Neuroeffector Transmission in A Simple Salivary Gland
Senseman, David M.   
University of Texas Health Science Center San Antonio, San Antonio, TX, United States

The long-term goal of this basic research program is a fundamental understanding of the biophysical and biochemical processes involved in the neuronal control of exocrine gland function. In this application, we propose to continue ongoing studies of a relatively simple salivary gland system from the aquatic snail Helisoma trivolvis which offers a number of important technical advantages as a model system. In the first series of experiments, we will use the technique of Multiple-Site Optical Recording of Transmembrane Voltage (MSORTV) to simultaneously record electrical activity in up to 124 separate gland regions in order to: 1) characterize and quantify the passive spread of current between acinar and ductal gland regions, 2) map the terminal fields of the two effector neurons to the gland (SEN's) and determine the extent of terminal field overlap, and 3) assess the effects of temporal dispersion of the SEN nerve terminal spikes on the evoked electrical response of acinar and ductal cells. In the second series of experiments, that have been added to this revised application, we propose to continue our investigations of a recently identified nanopeptide that is highly excitatory for the snail salivary gland and may serve as the transmitter substance released by the SEN's at the neuroglandular junction.

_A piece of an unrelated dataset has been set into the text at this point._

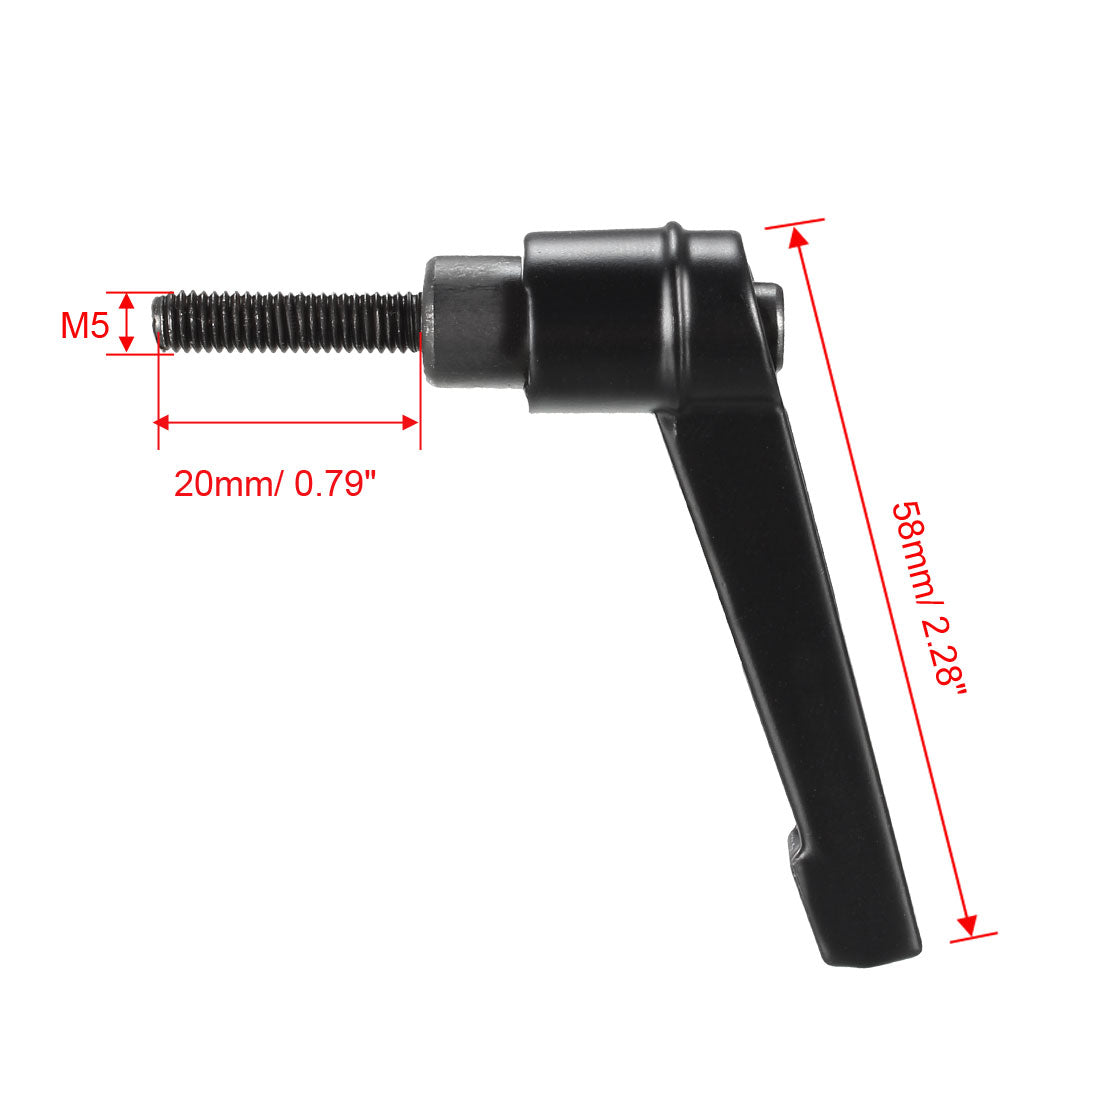 Uxcell Uxcell M6 x 16mm Handle Adjustable Clamping Lever Thread Push Button Ratchet Male Threaded Stud 5 Pcs

Conventional immunohistochemical techniques will be used to determine the presence (or absence) of this peptide (SCPB) in the SEN's and in the salivary gland. We will also investigate the large after-hyperpolarization of the Type II gland response evoked by SCPB to determine whether it represents a Ca+2-mediated K+ conductance. In a related series of experiments, we wish to compare the effects of focal application of SCPB and acetylcholine to see if these excitatory gland substances, when presented simultaneously, facilitate the electrical and/or secretory response of acinar cells. In a third series of experiments, which have also been added in revision, we will use a new fluorescent indicator (QUIN 2/AM) to monitor the cytosolic concentration of ionized calcium following neuronal and pharmacological stimulation. Through the use of conventional ion-sensing electrodes, we will characterize the interrelationship between stimulation, electrical activity, intracellular calcium and electrolyte secretion.